Knowledge base fully populated with accurate, domain-specific data.
AI consistently delivers objective and relevant answers with no prompts.
Testing confirms robust and scalable outputs.
Logs validate that answers are being pulled correctly from the knowledge base.

FAQs

Why is temperature set to zero?
To ensure deterministic outputs, eliminating randomness in answers.
What types of content should go into the knowledge base?
- Pricing details.
- FAQs and objection handling guides.
- Sales and support scripts.
- Domain-specific documentation.
How can I test knowledge base accuracy?
- Ask targeted questions directly related to the uploaded content.
- Check logs to ensure responses are pulled from the correct sources.
What if my website data is outdated?
- Avoid direct scrapes.
- Manually review and refine content before uploading.
Can I update the knowledge base later?
Yes, frequently audit and replace outdated information for sustained accuracy.

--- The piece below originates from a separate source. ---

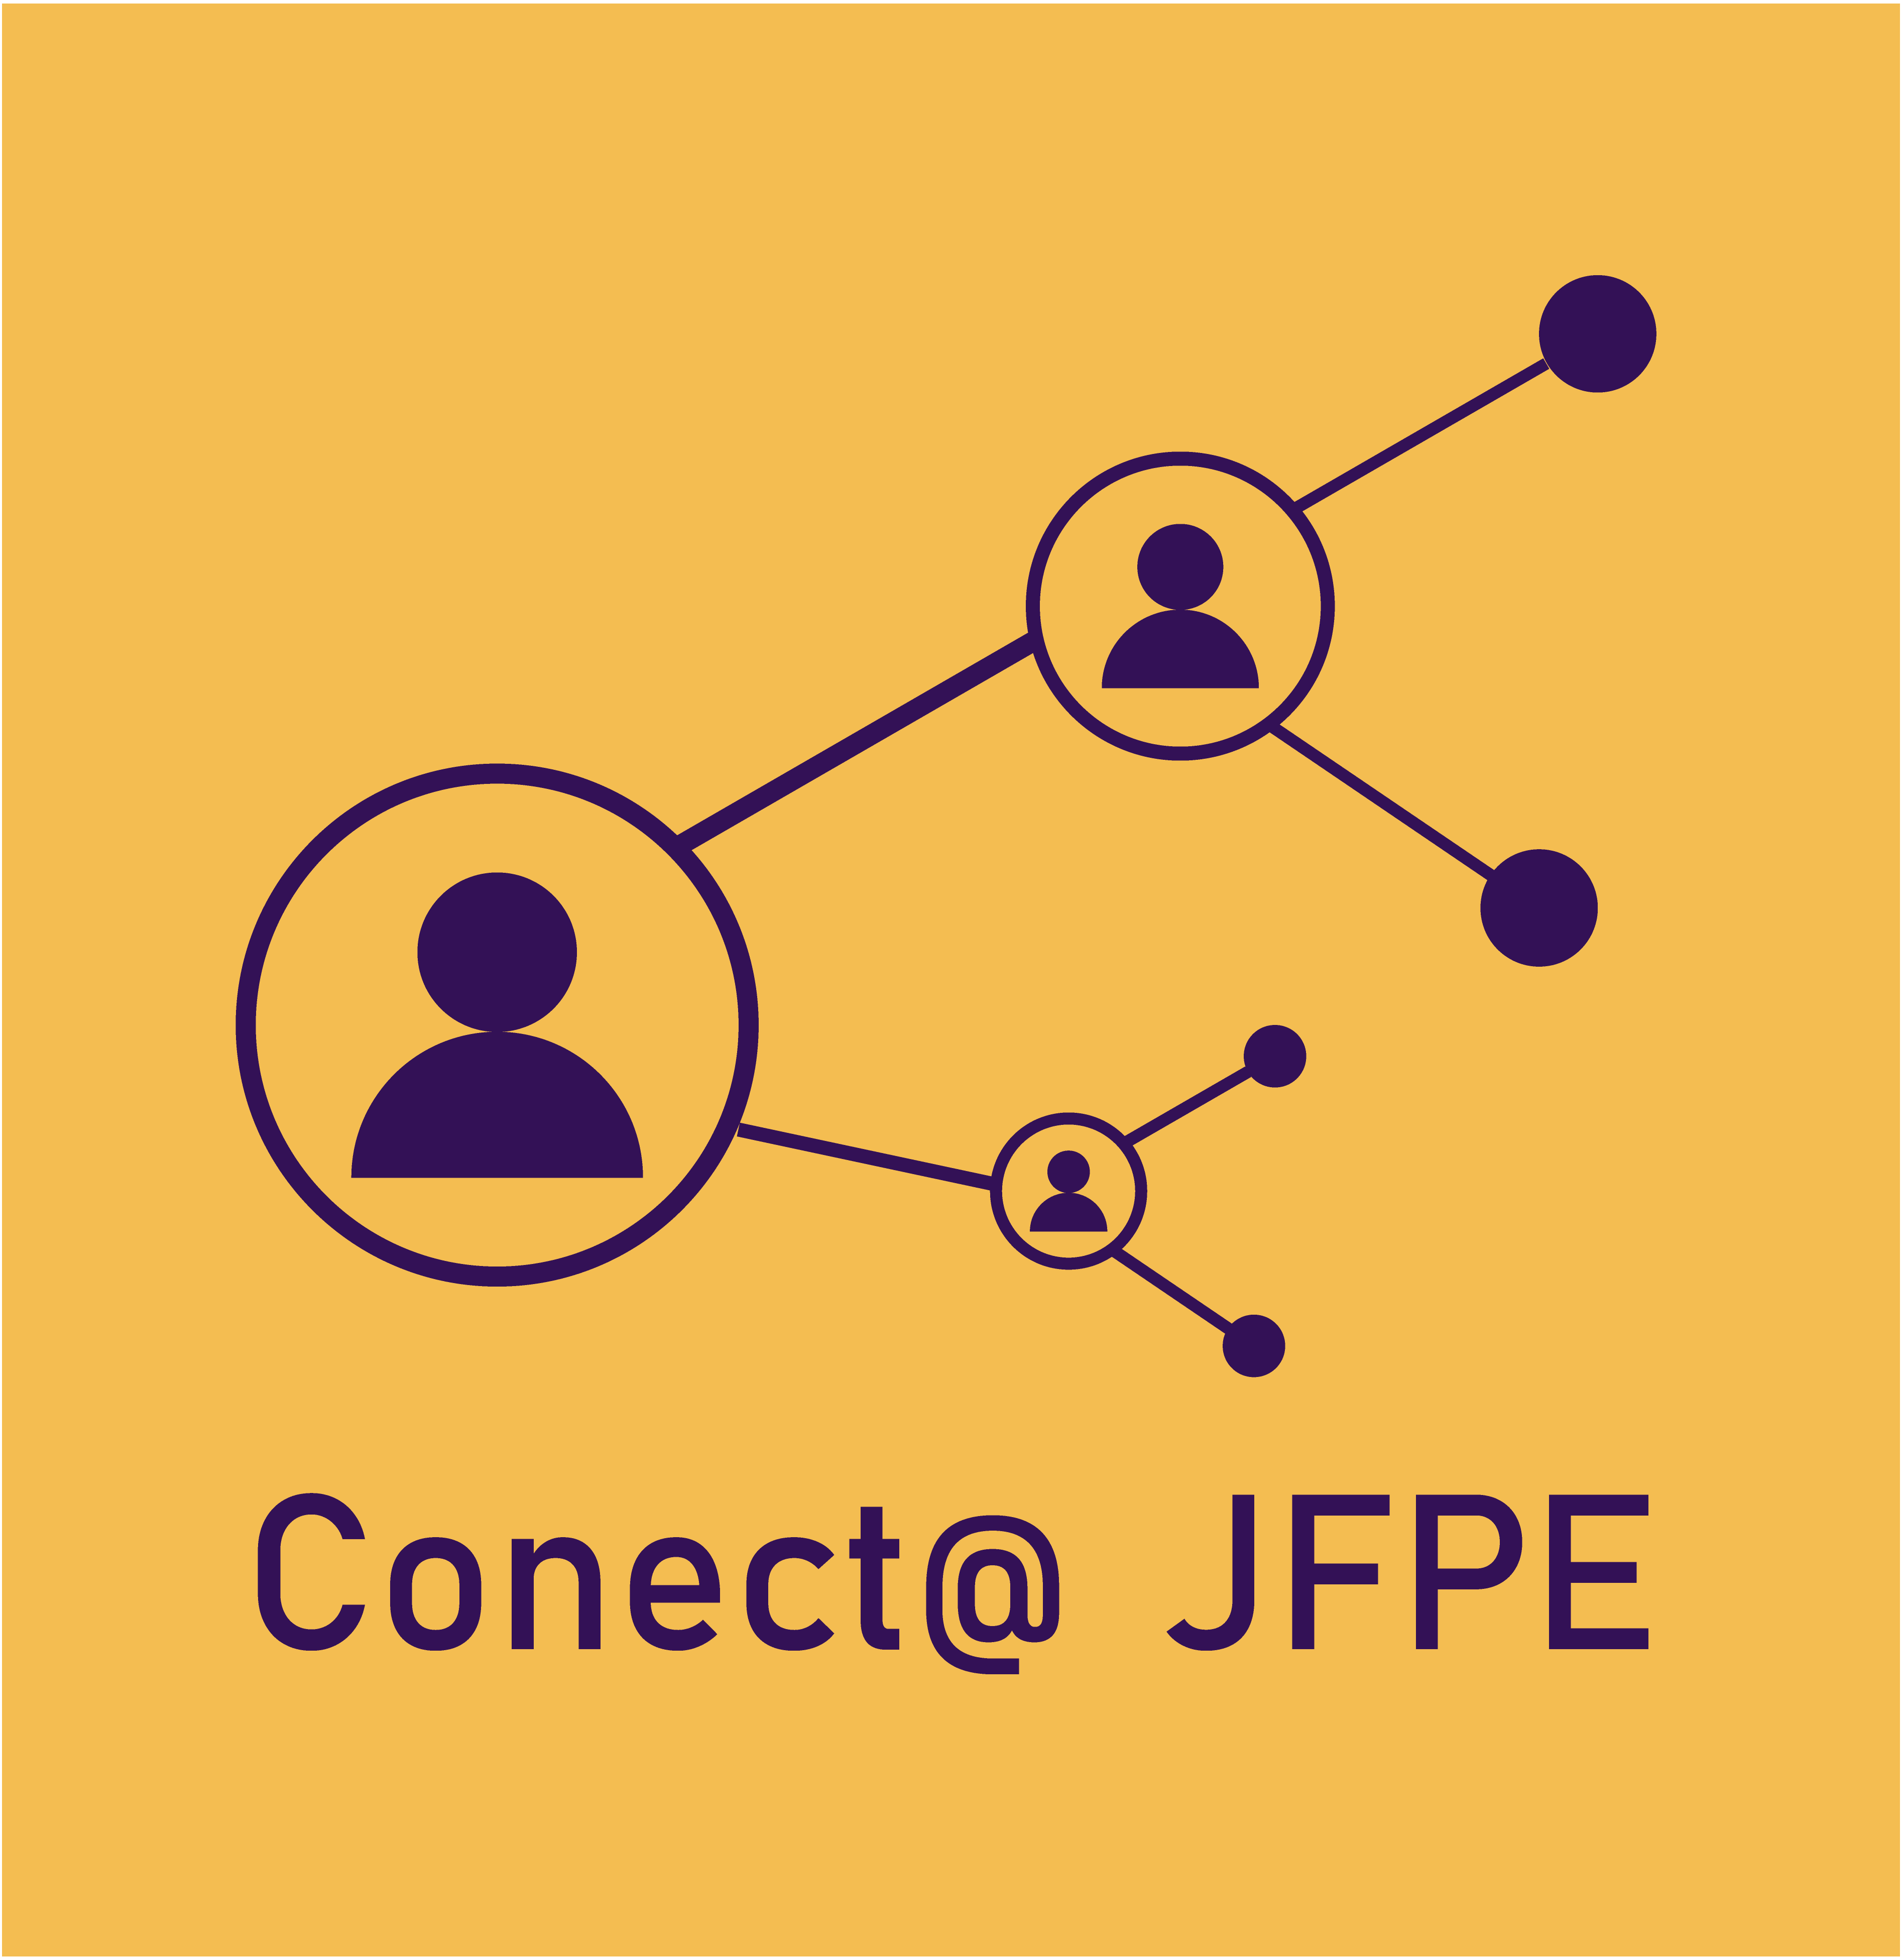 Conect@ JFPE

Summary: This SOP provides a structured approach to building a robust knowledge base for AI assistants. By leveraging tools like Claude or ChatGPT, you can efficiently generate FAQs and elaborate answers. Organize content with clear naming conventions and validate it rigorously for accuracy. Set the AI assistant's temperature to zero for consistent outputs, and integrate tools for live data if required. Regular monitoring ensures scalability and reliability of the assistant's responses.